Last week, I met with student apprentices, and they were delighted to hear about this move that we are making in their future.

Another area where I know Canadians are looking for support is the cost of housing. No one will be surprised if I say that our government believes that everyone should have a safe and affordable place to call home. Unfortunately, that goal is increasingly out of reach for far too many Canadians.

Housing prices have skyrocketed over the past few years and many people are concerned that rent will also go up because of the impact high interest rates will have on the mortgages of rental property owners.

We know that some Canadians need help. That is why, with Bill C‑32, the government is introducing an ambitious range of measures designed to build more houses and make housing more affordable across the country.

We are lowering taxes for new homebuyers so they can put their money in a place to call home. To help young Canadians afford a down payment faster, Bill C-32 would move forward with the new tax-free first-home savings account. This account would allow prospective first-time homebuyers to save up to $40,000 tax-free toward their first home. Bill C-32 would also double the first-time homebuyers tax credit to provide up to $1,500 in direct tax relief to homebuyers starting in 2022.
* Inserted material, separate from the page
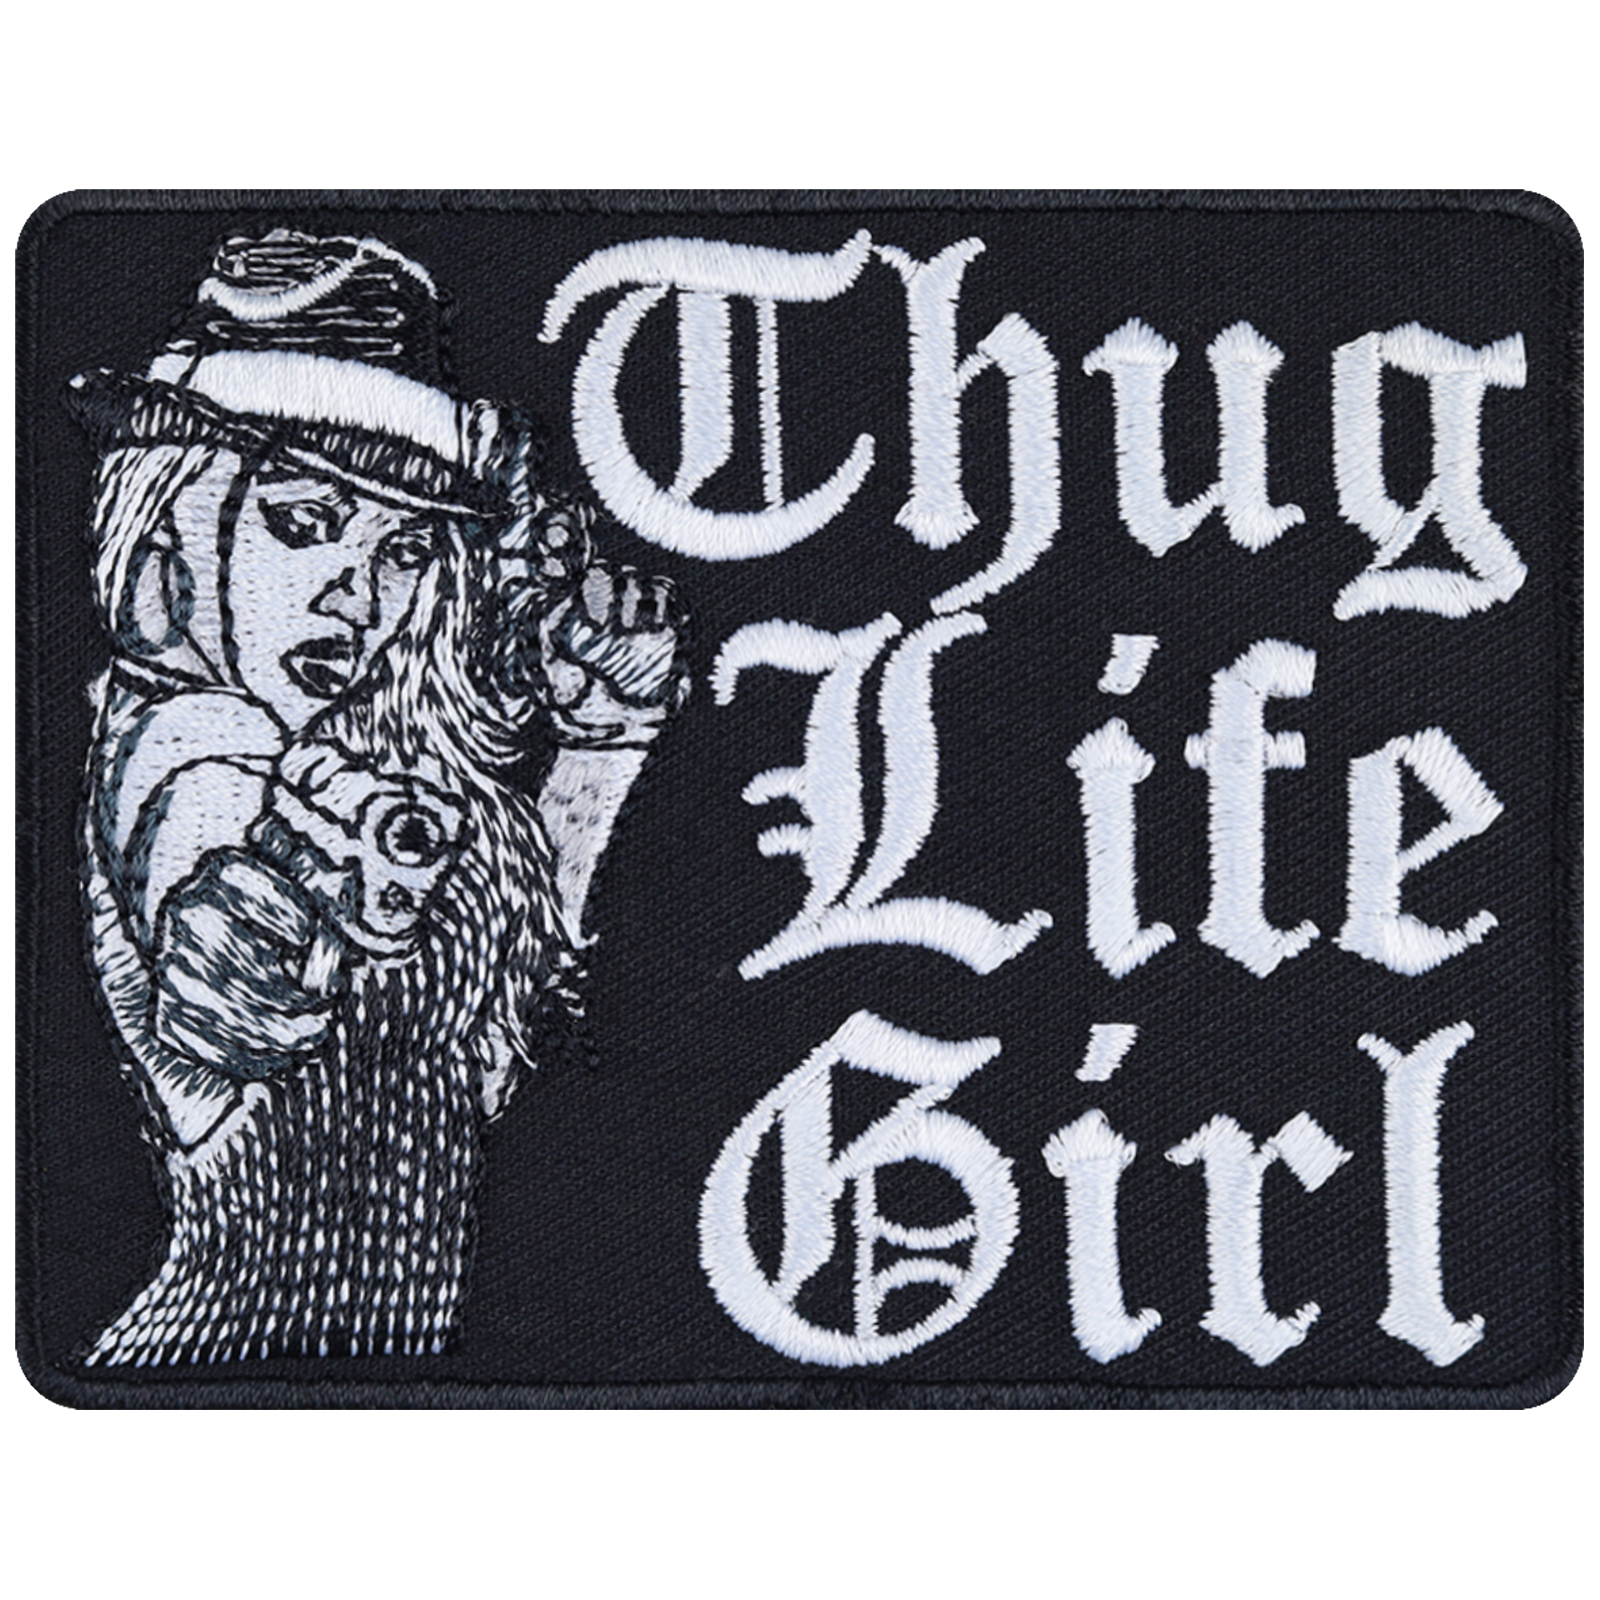 Thug life girl - Patch

We would introduce a refundable, multi-generational home renovation tax credit. We are also moving forward in Bill C-32 with measures to crack down on house flipping. By doing so, we would ensure that investors who flip homes pay their fair share, which will play a role in lowering housing prices for Canadians. In short, we have a plan to make home ownership in this country more affordable, especially for young people.

As we continue to provide targeted support for Canadians, we are also hard at work to advance a robust industrial policy that will deliver stable, good-paying jobs. We have to seize opportunities in the net-zero economy, attract new private investment and provide the key resources the world needs.

Without a doubt, an investment in our country's future is also an investment in our workers. That is why the 2022 fall economic statement makes investments in workers to grow Canada's economy, create good-paying jobs and tackle Canada's investment and productivity challenges.

For example, we are proposing to expand the accelerated tax deductions for business investments in clean energy equipment. This will be important as our government moves forward with Canada's first critical mineral strategy. This strategy recognizes that critical minerals, including those found in my own home province of Alberta, are central to major global industries and clean technologies. To build on this, we would also introduce a new 30% critical mineral exploration tax credit for specified mineral exploration expenses incurred in Canada.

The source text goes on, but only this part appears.